Rodríguez quedó al frente del gobierno venezolano después de la detención de Nicolás Maduro. Su llegada al poder abre un escenario de tensión entre la presión internacional, los vínculos con Estados Unidos y el control interno del chavismo.

Delcy Rodríguez asumió el mando de Venezuela luego de la captura de Nicolás Maduro. La dirigente chavista quedó al frente del gobierno en medio de un contexto marcado por la crisis política, las sanciones económicas y las negociaciones abiertas sobre el futuro del país.
Durante la última década, Rodríguez condujo áreas clave del Estado y combinó la defensa de los principios del chavismo con la necesidad de responder a las demandas económicas internas. Este recorrido la posicionó ante algunos gobiernos democráticos como una figura capaz de tender puentes para posibles acuerdos políticos.
Su ascenso en las estructuras oficiales le otorgó influencia sobre los altos mandos militares y un conocimiento profundo del funcionamiento estatal.
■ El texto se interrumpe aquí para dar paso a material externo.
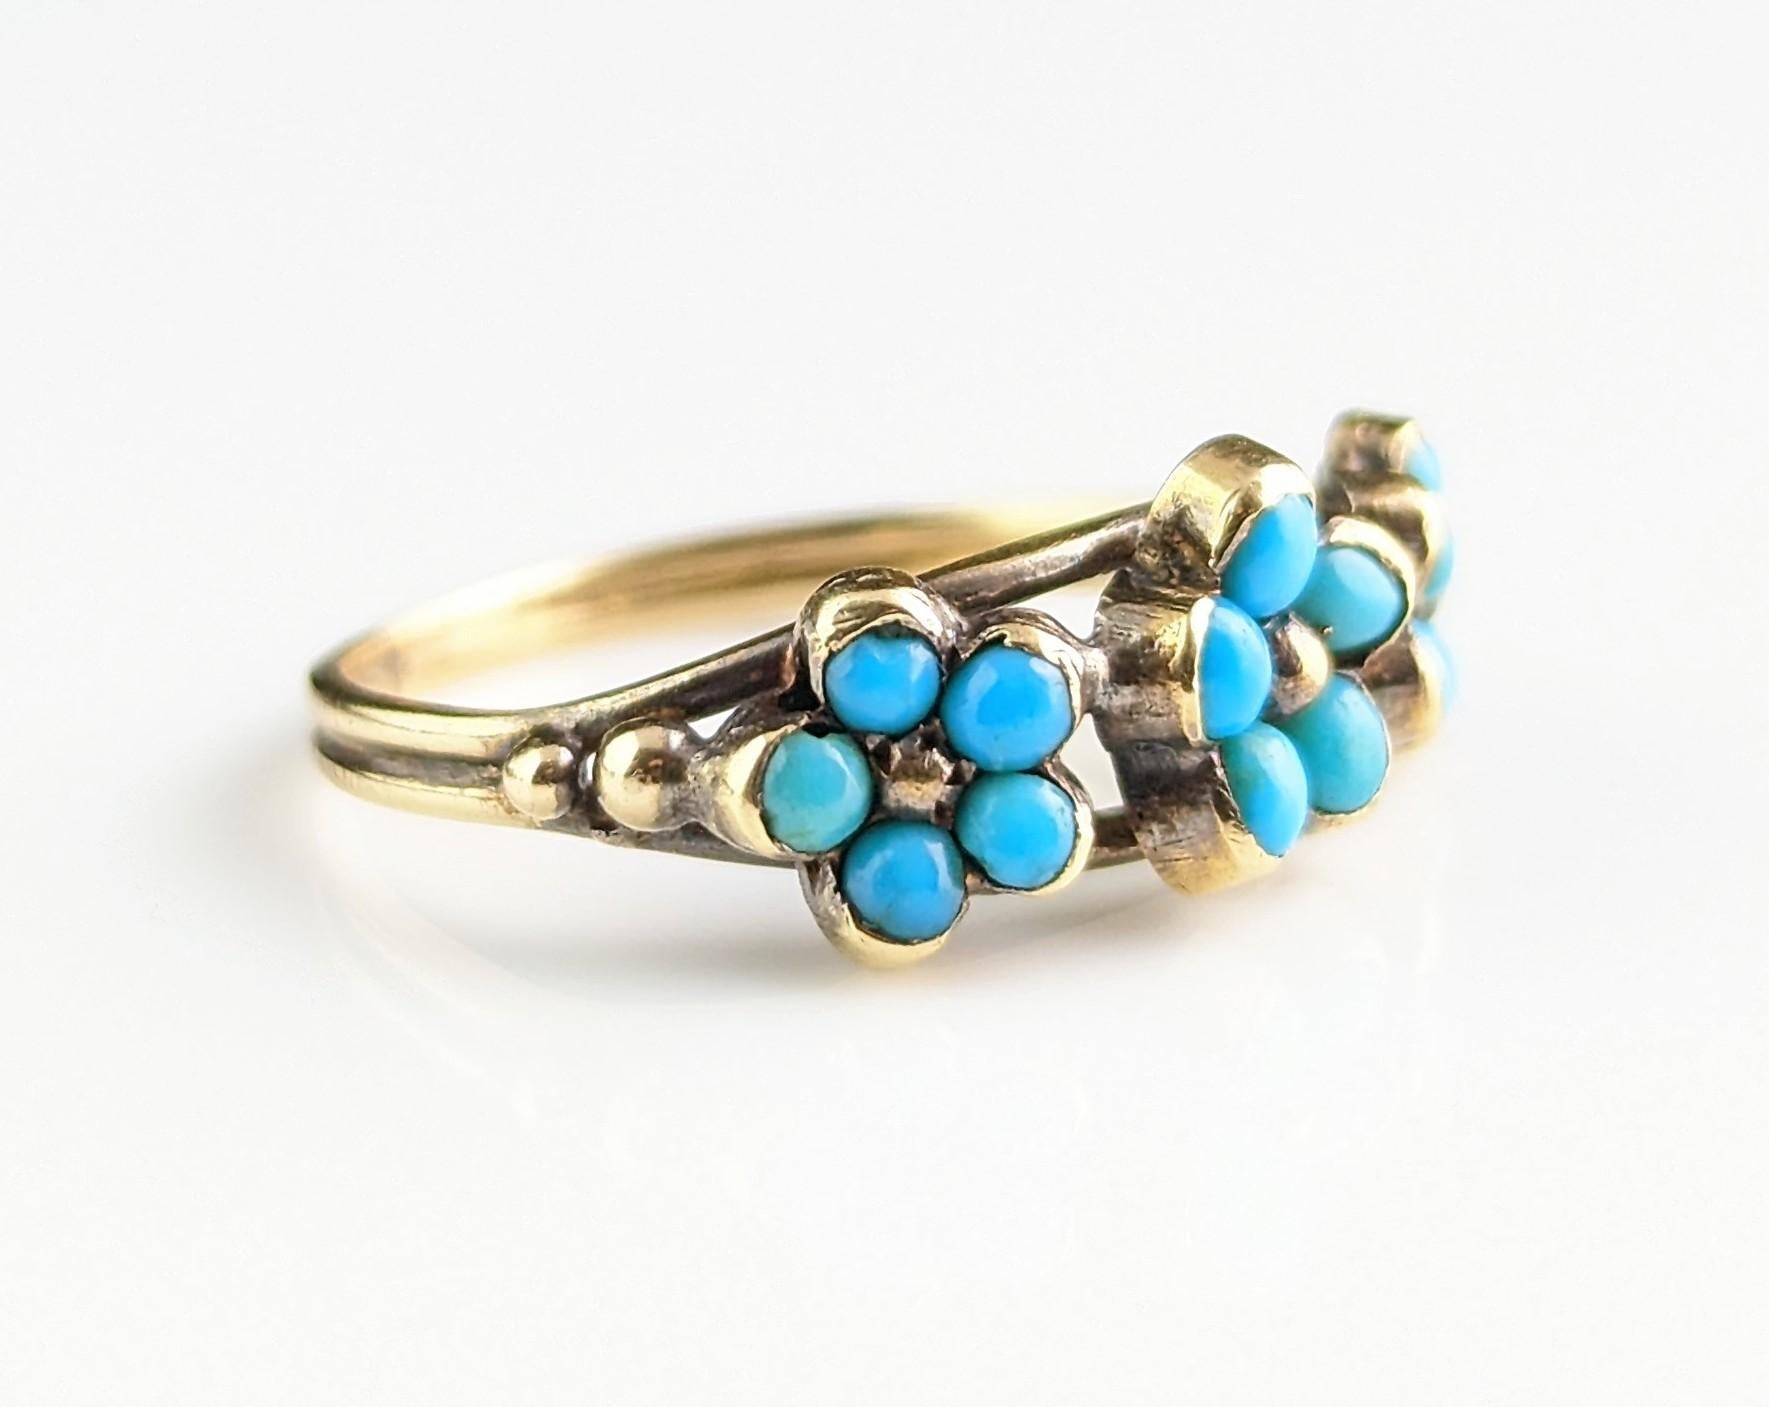 Antique Georgian Triple Flower Ring, Forget Me Not, 18k Gold and Turquoise 11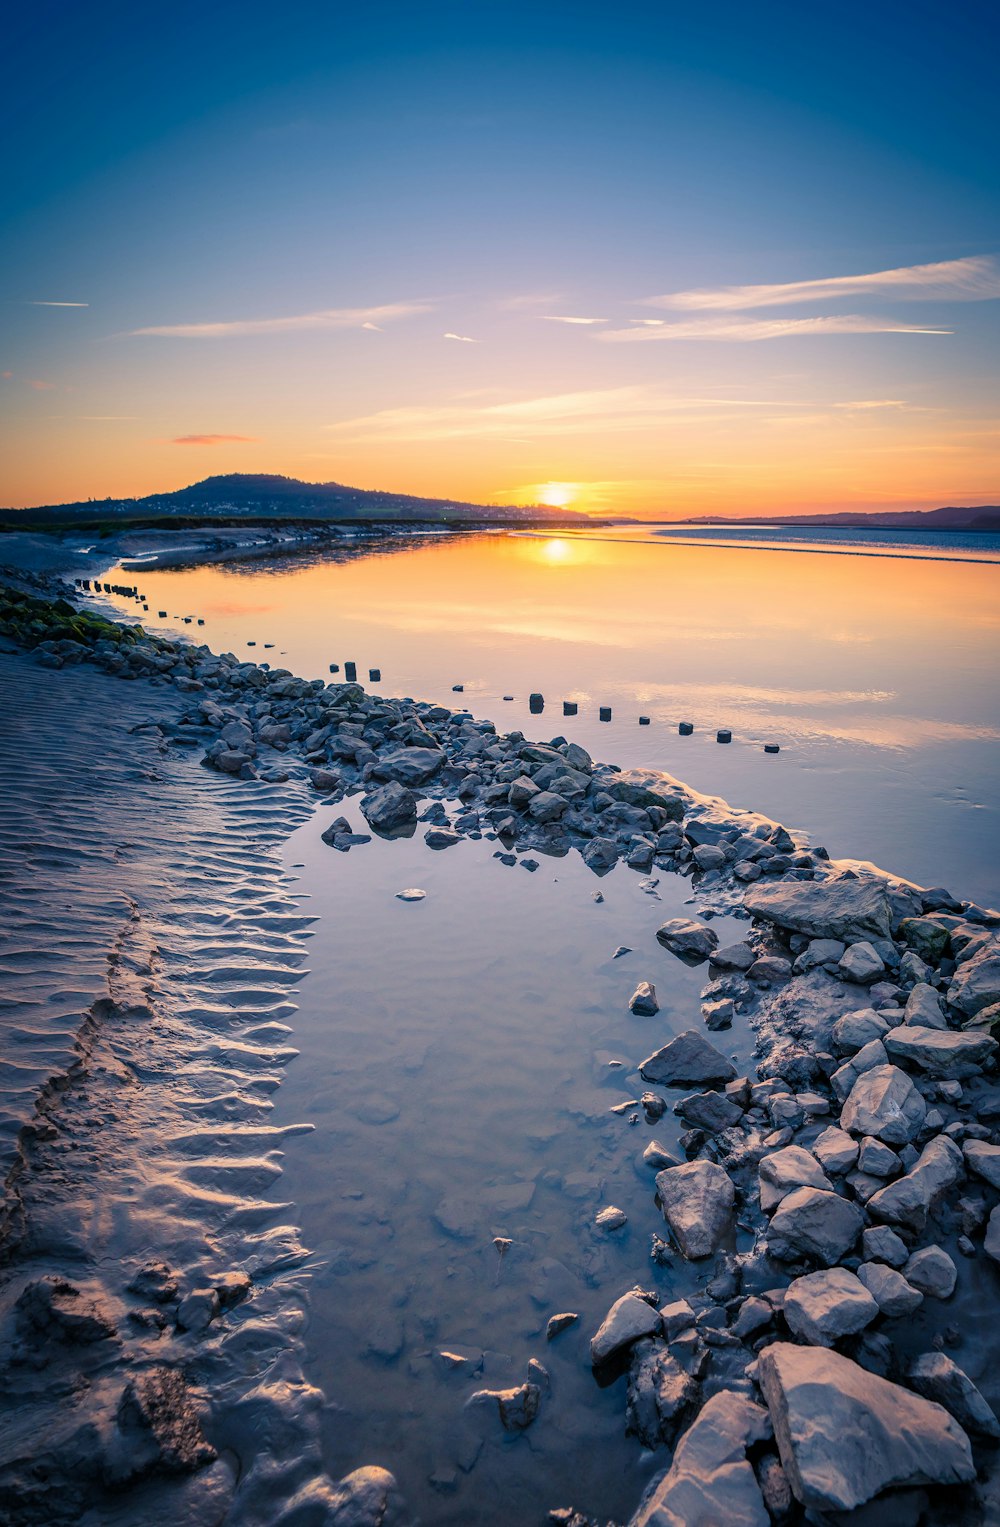 a body of water with rocks and a sunset

Esa cercanía con los resortes del poder consolidó su peso dentro del sistema chavista.
El presidente Donald Trump señaló que Rodríguez mostró voluntad de colaborar con Washington en una eventual transición. Sin embargo, advirtió que, si esa actitud no se concreta, podría haber “una segunda ola de ataques si es necesaria”. En la misma línea, el secretario de Estado Marco Rubio afirmó que Estados Unidos está dispuesto a cooperar con las actuales autoridades, siempre que adopten “las decisiones adecuadas”.
El rumbo del gobierno depende ahora de si Rodríguez decide resistir las presiones externas o avanzar hacia acuerdos con Estados Unidos para impulsar una transición ordenada. La nueva conducción enfrenta una disyuntiva entre la confrontación y el entendimiento táctico.
Abogada, de 56 años, Rodríguez es reconocida por su adhesión a la izquierda y por su capacidad de interlocución con sectores económicos influyentes. Hija de un militante marxista, estudió derecho laboral en Francia y el Reino Unido y comenzó a escalar posiciones desde 2013.
Maduro la designó ministra de Comunicación y luego ministra de Relaciones Exteriores, convirtiéndola en la primera mujer en ocupar ese cargo. En 2018 asumió la vicepresidencia y tomó el control del SEBIN. Más tarde sumó el área económica y buscó vínculos con empresarios e inversores.
Su hermano Jorge preside el Parlamento chavista y encabezó delegaciones de diálogo con la oposición. Rodríguez recibió sanciones de Estados Unidos, Canadá y la Unión Europea por su rol en la represión, aunque mantuvo su lealtad al régimen.
En una entrevista televisiva, Rubio diferenció su figura de la de Maduro al señalar: “La diferencia es que la persona que estaba al mando (…) era alguien con quien no se podía trabajar”. También recordó que se trataba de “alguien que nunca respetó ninguno de los acuerdos que concluyó” y a quien “le ofrecimos, en múltiples ocasiones, la posibilidad de abandonar el poder”.
La continuidad de Rodríguez dependerá de su capacidad para sostener la cohesión interna del Partido Socialista Unido de Venezuela y asegurar el respaldo militar. Su autoridad enfrenta límites dentro del movimiento.
En paralelo, el país atraviesa un deterioro económico profundo. Desde 2013, la economía se contrajo un 80% y millones de venezolanos emigraron ante la crisis humanitaria y la persecución política.
La comunidad internacional sigue con atención los pasos del nuevo gobierno. Las decisiones de Rodríguez definirán el vínculo con Estados Unidos, el alcance de las sanciones y el futuro político del país en medio de una prolongada inestabilidad.